Your instructions:
Write out each line below precisely, passing over the pictures.

Data extract:
◇ ◇ ◇

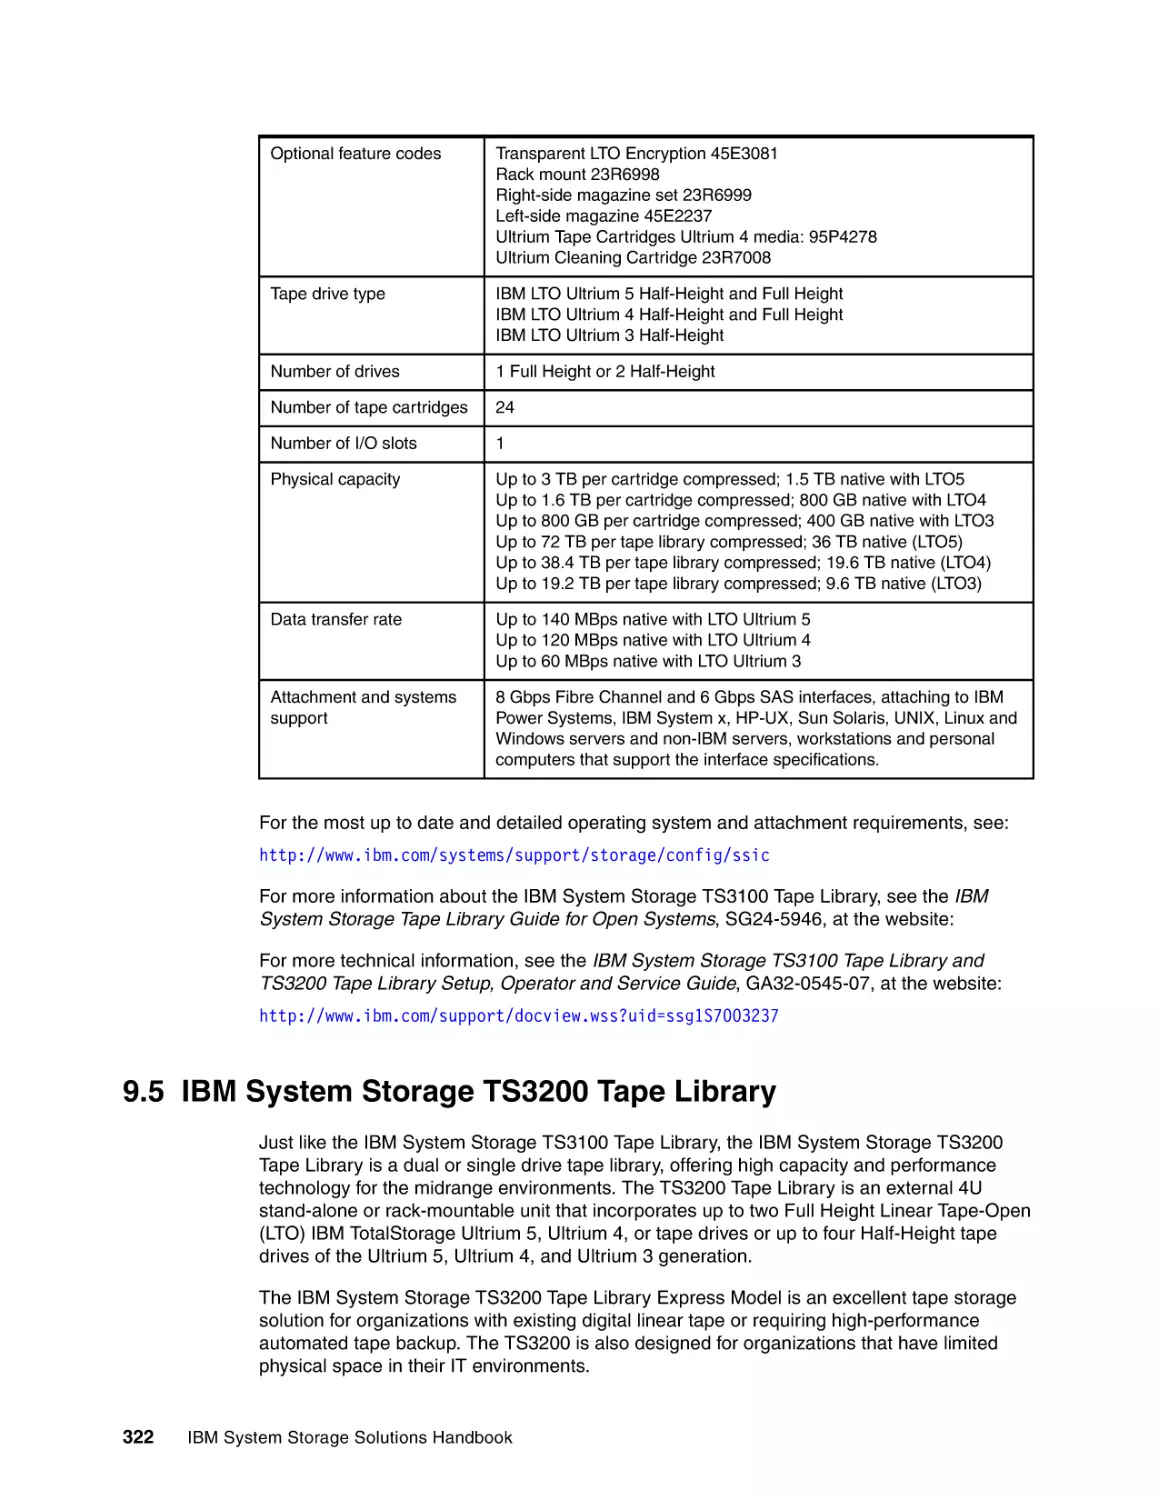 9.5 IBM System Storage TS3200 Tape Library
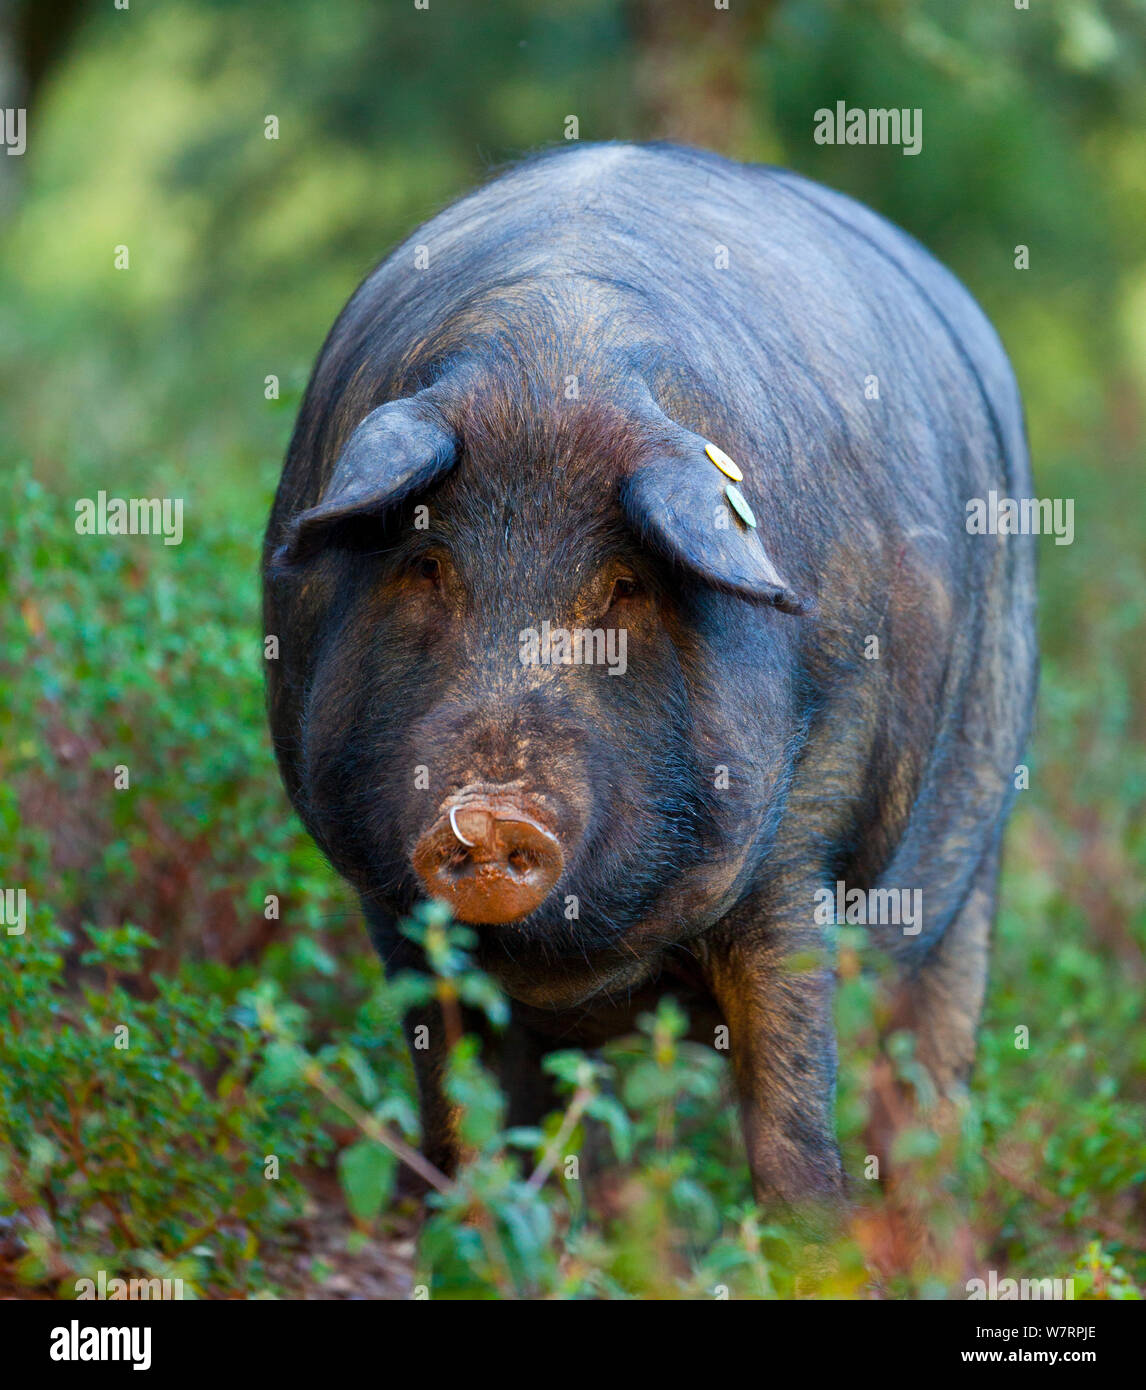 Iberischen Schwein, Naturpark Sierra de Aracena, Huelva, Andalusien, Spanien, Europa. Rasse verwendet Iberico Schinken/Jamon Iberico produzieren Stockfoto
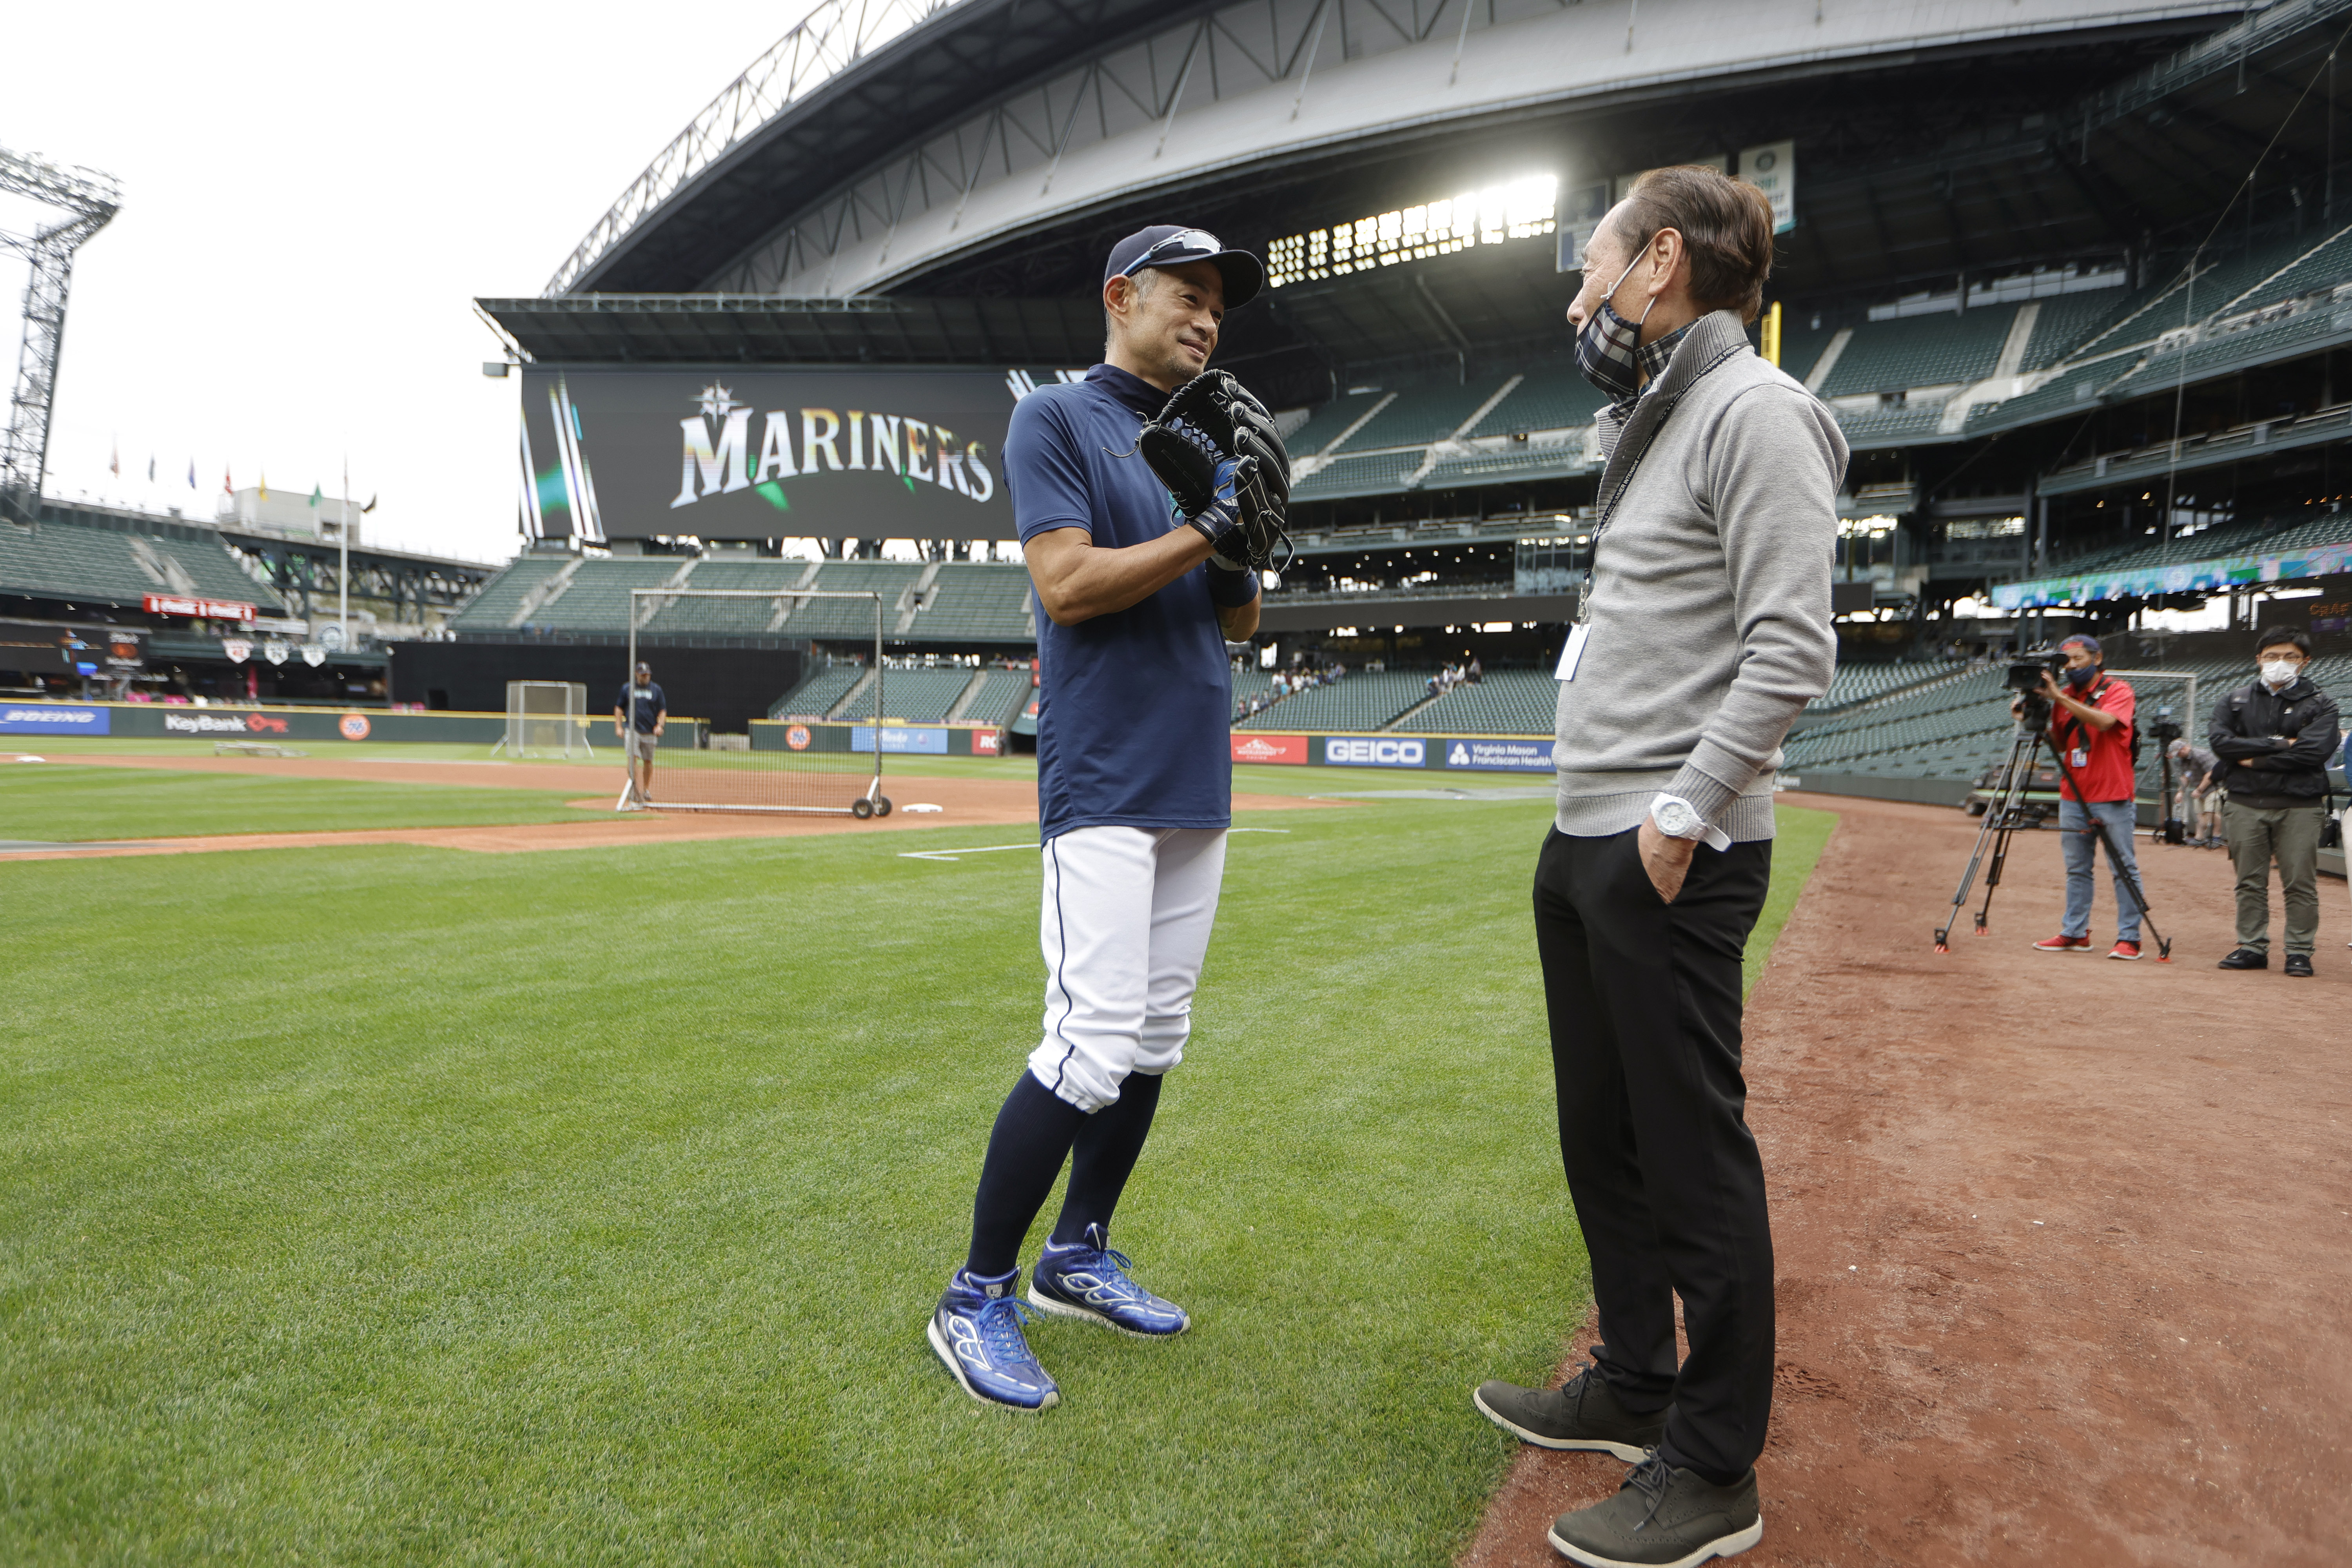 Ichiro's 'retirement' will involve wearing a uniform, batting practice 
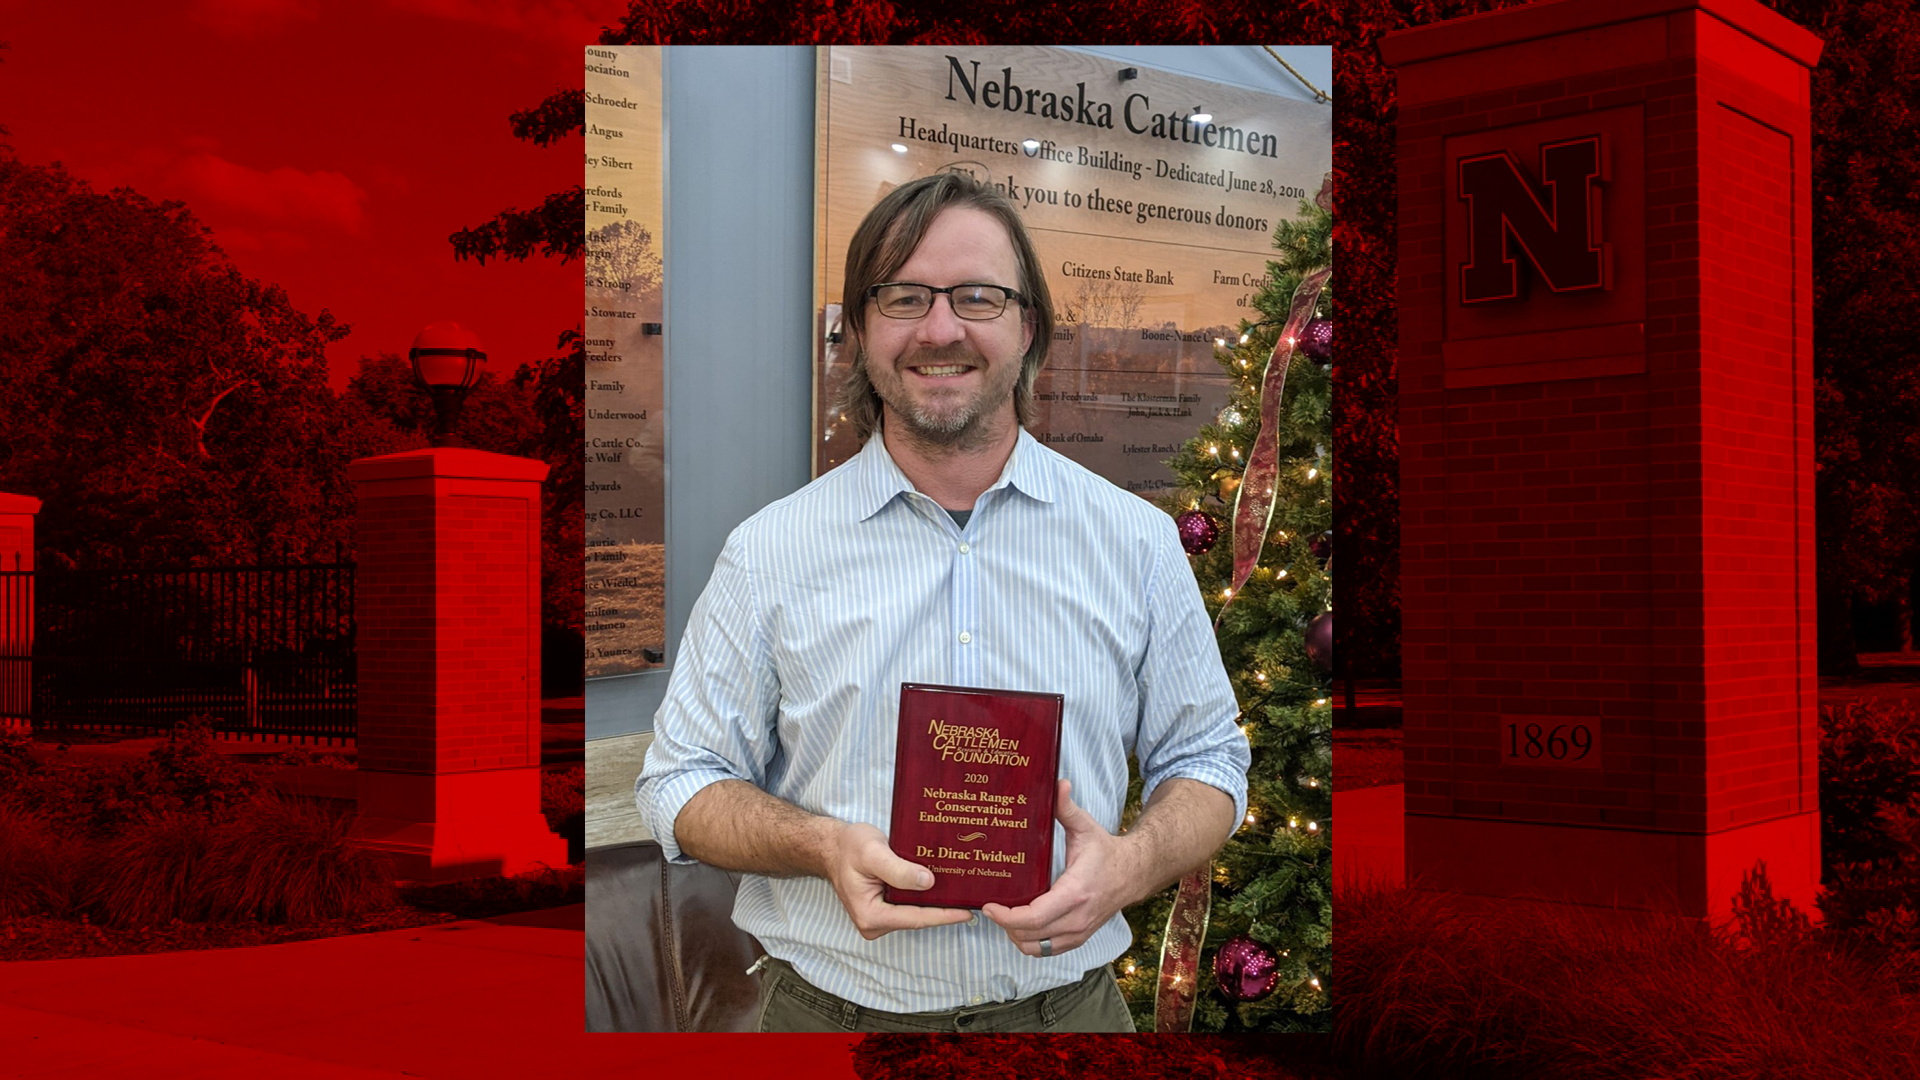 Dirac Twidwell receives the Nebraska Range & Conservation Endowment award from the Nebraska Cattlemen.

◇ ◇ ◇

Response to this exercise:
 9.5 IBM System Storage TS3200 Tape Library
 Iberischen Schwein, Naturpark Sierra de Aracena, Huelva, Andalusien, Spanien, Europa. Rasse verwendet Iberico Schinken/Jamon Iberico produzieren Stockfoto
 Ichiro's 'retirement' will involve wearing a uniform, batting practice 
 Dirac Twidwell receives the Nebraska Range & Conservation Endowment award from the Nebraska Cattlemen.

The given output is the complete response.